MY NAME IS NOT
Netflix's "She's Gotta Have It" inspired me for this self-portrait. It's the first time a TV series has moved me to create in this way. Its protagonist (Nola Darling) is an artist and a revolutionary. She experienced various forms of abuse (some men call it flirting and courting) that resulted in the pain that would later lead her to create the "NOT MY NAME" movement. She plastered the streets with black and white photos of women shouting to the world in red letters about the crap they heard every day.
I felt 100% identified and that moved me to continue this movement outside of fiction.
Today, June 8th, I'm writing this while remembering how just yesterday, in a bar in Murcia, I experienced several of these situations. One of them was while I was ordering at the bar, and a man ran his face all over my back while saying, "This place is so nice," in a disgusting tone of voice. When I turned around with an angry expression, he started laughing. I can still feel his fucking breath on my back.
You might think this has to do with the fact that it was a bar, but no, I experience these situations day and night. Whether I'm alone, with my son, or with friends. Whether I'm lying on the beach, running in the mountains, strolling through the city, or while taking photos during a photo shoot.

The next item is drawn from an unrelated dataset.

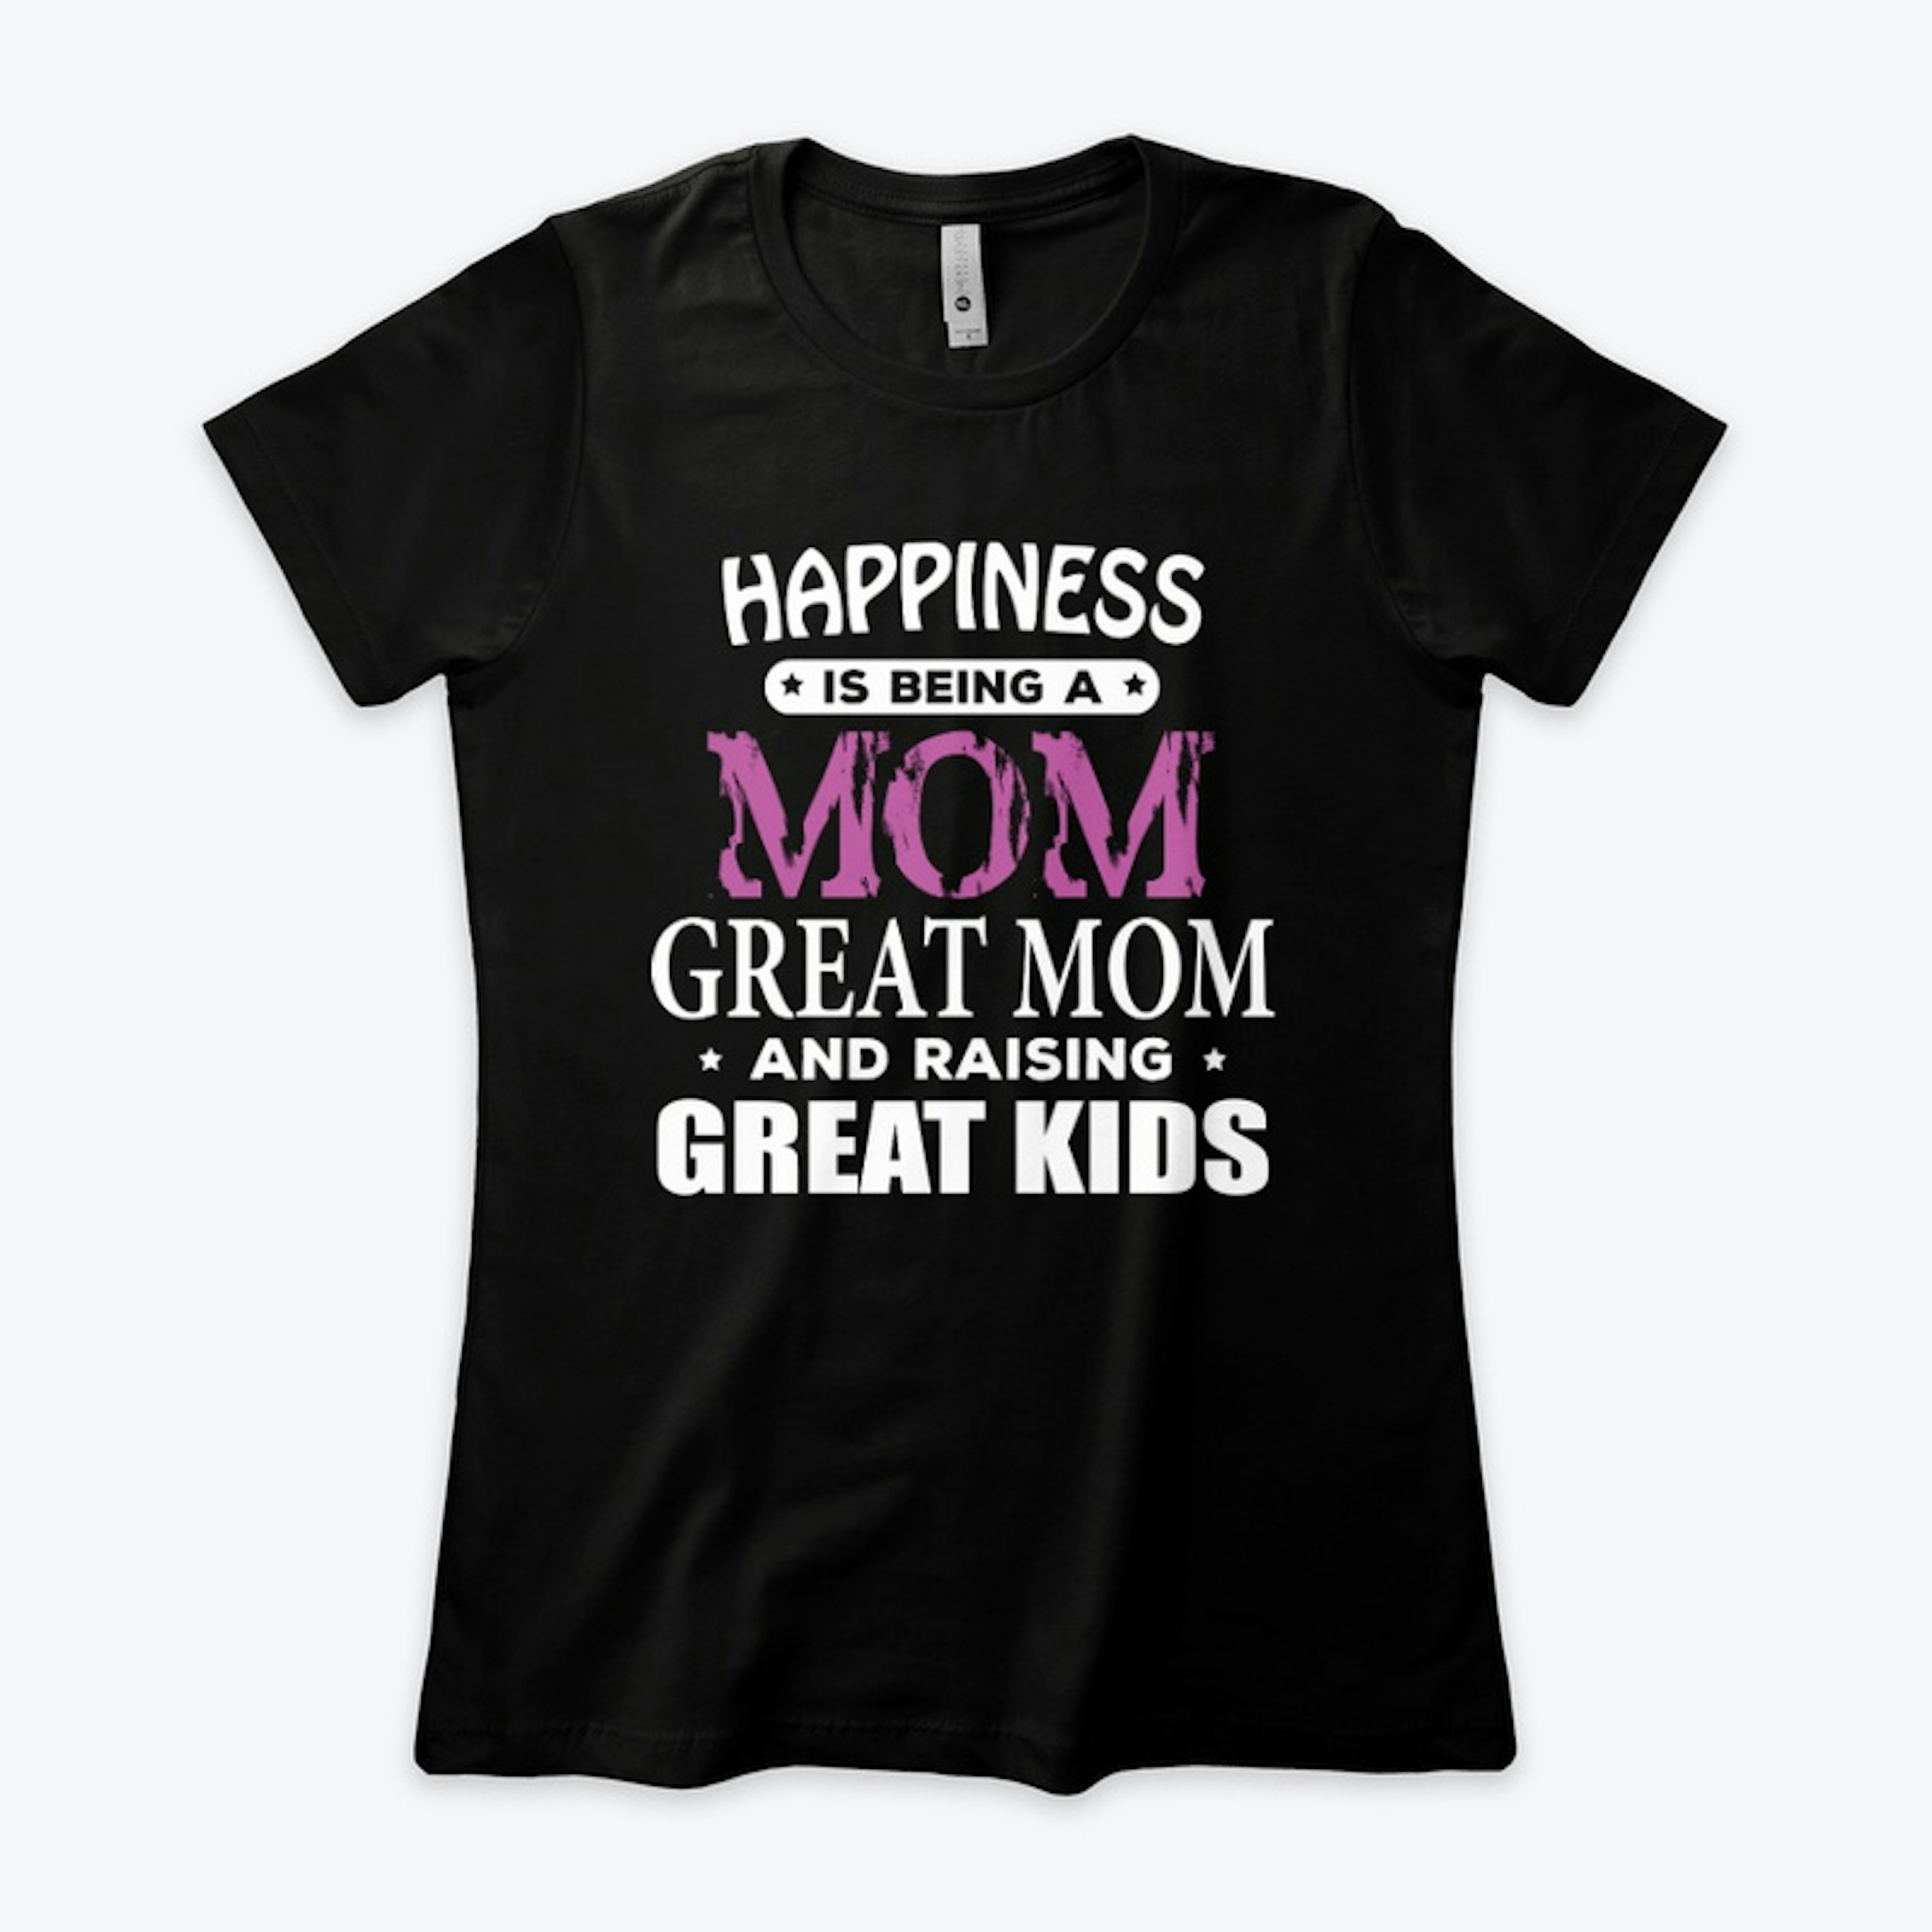 Great MOM and Kids Tshirt gift
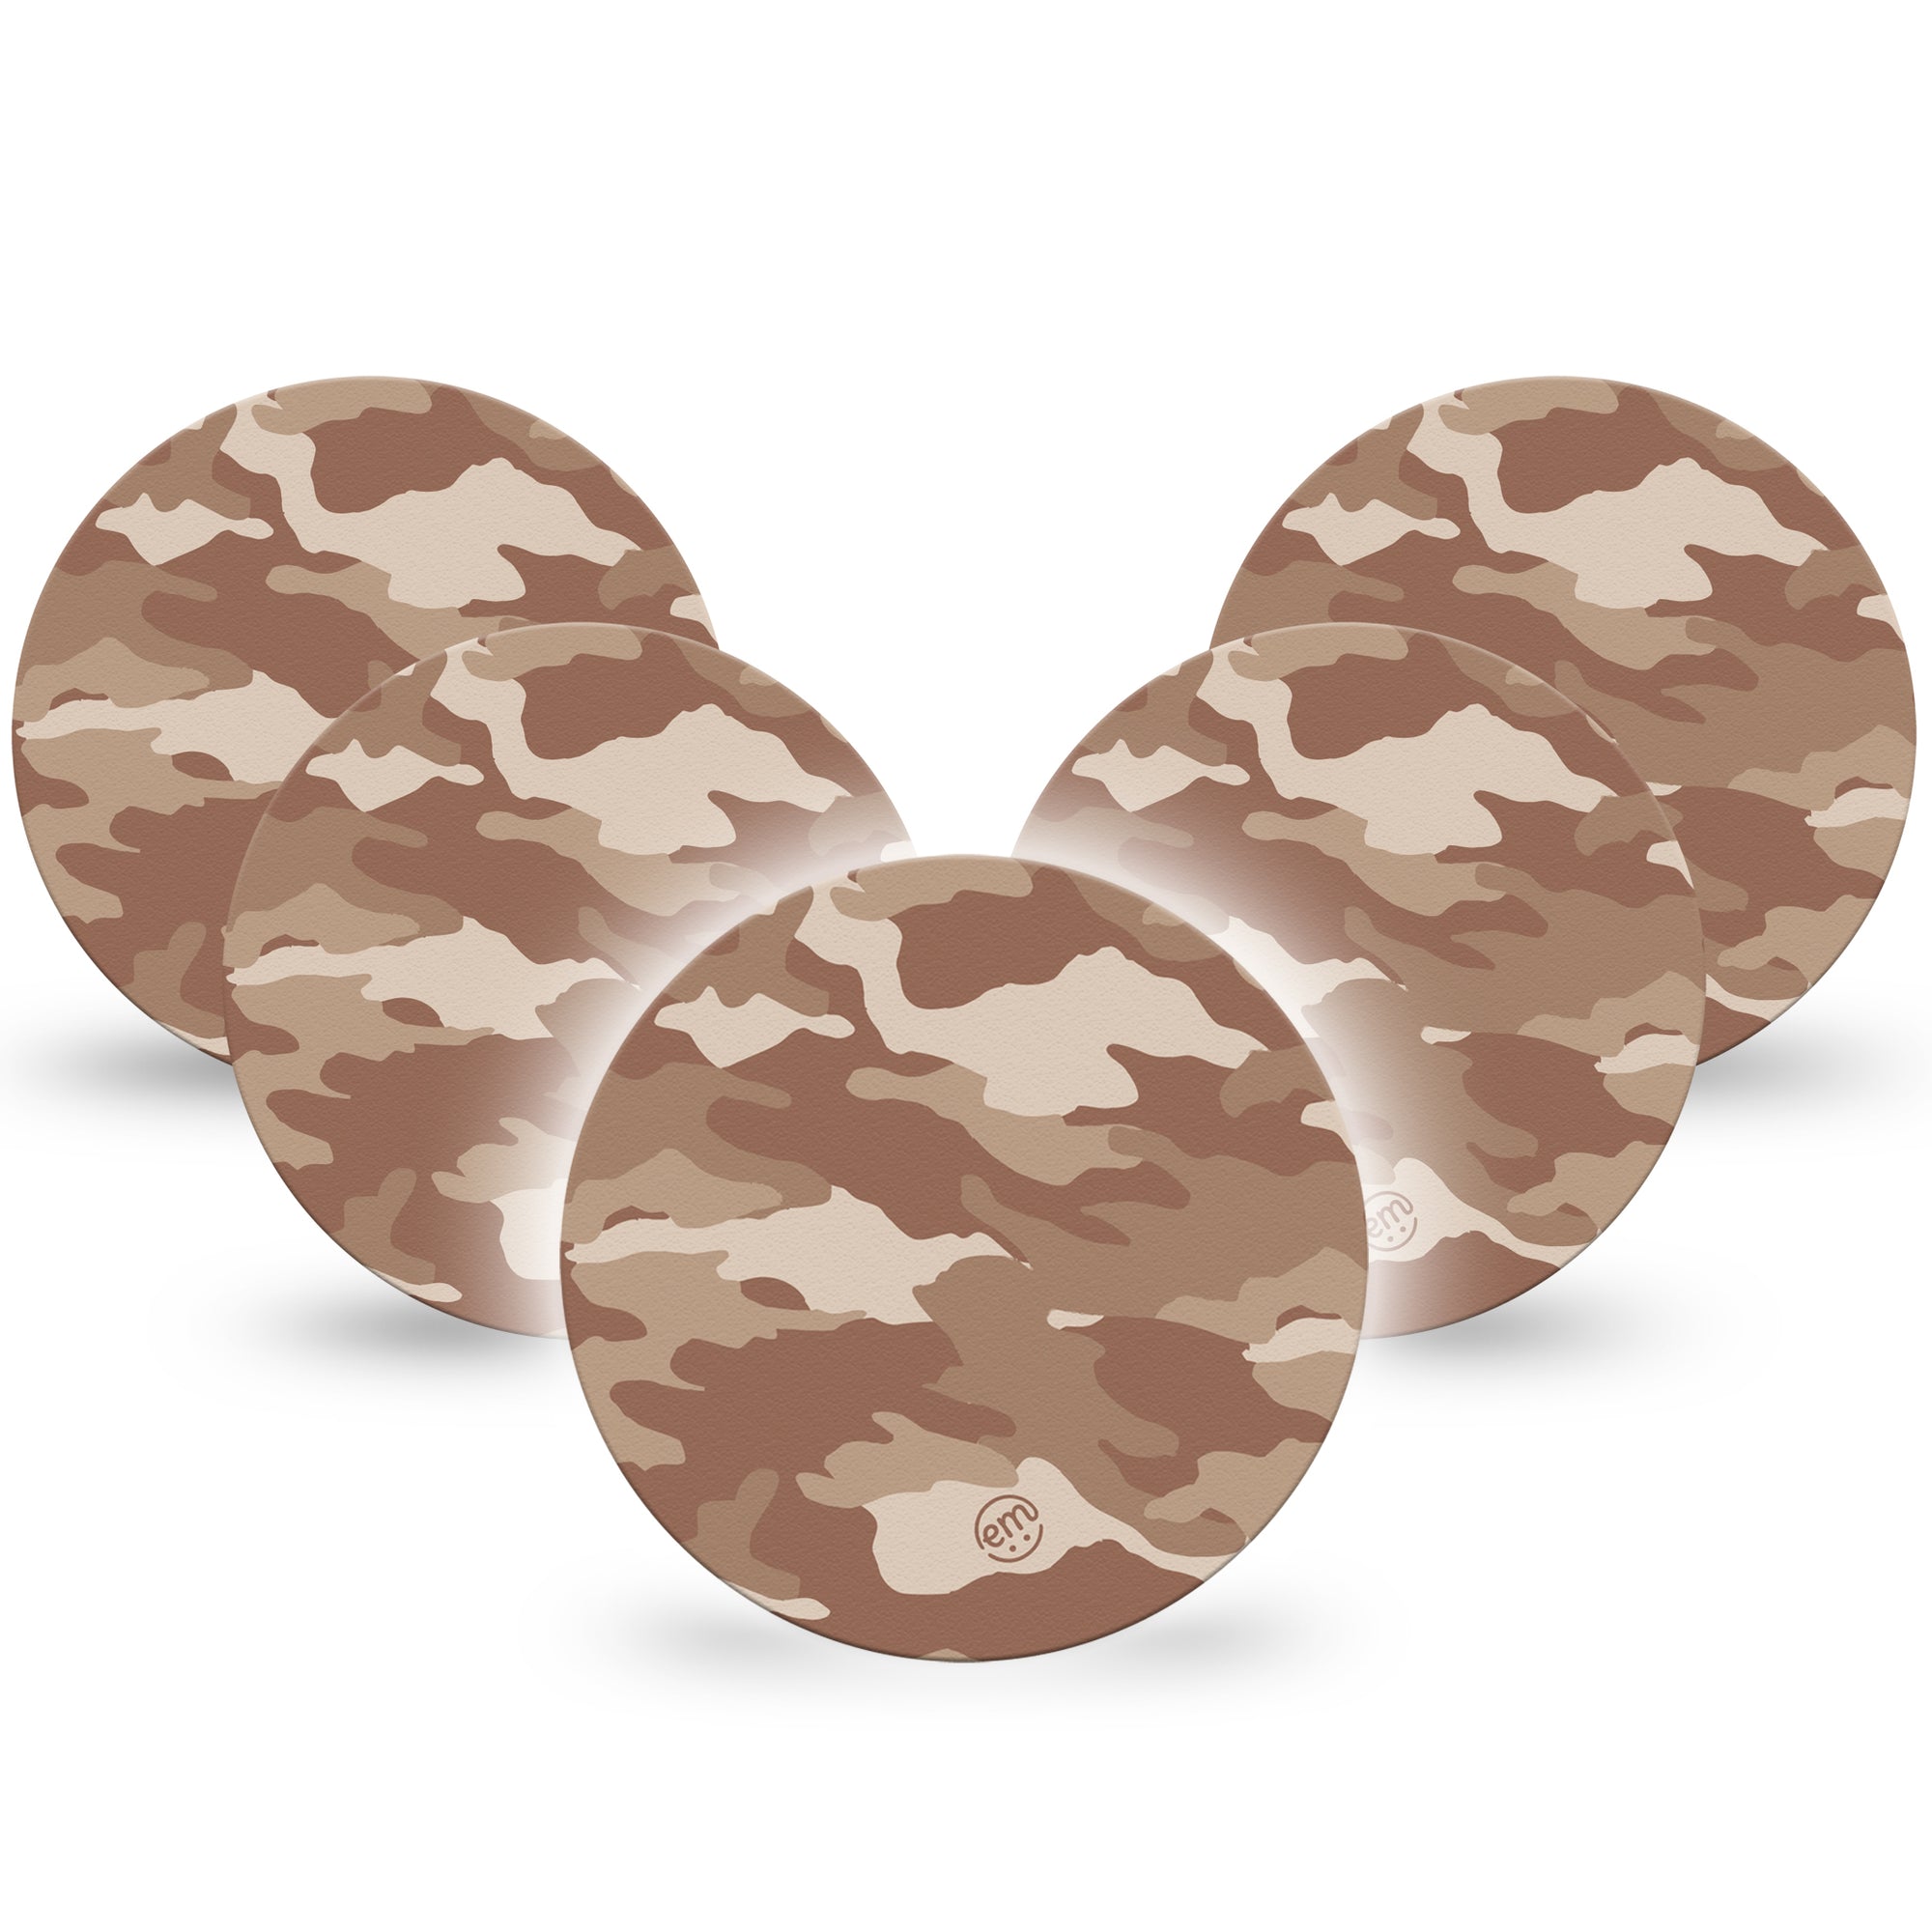 ExpressionMed Desert Camo Libre Overpatch Tapes

I don't know a single woman who hasn't experienced this verbal or physical abuse on a weekly basis. I know countless women who were raped as children and many more as adults. I repeat: I know countless women who were raped as children and many more as adults.
If you think I'm exaggerating, you're part of the problem because you keep looking the other way.
Let us be the generation that came to change things.
I no longer keep quiet because that is NOT MY CALL.
Self-portrait March 2024 during one of my therapeutic photography workshops.
Embroidery May 2024.
- Mouliné thread with filled stitch for the letters.
- The burnt edges were my son's idea. Thanks, teacher.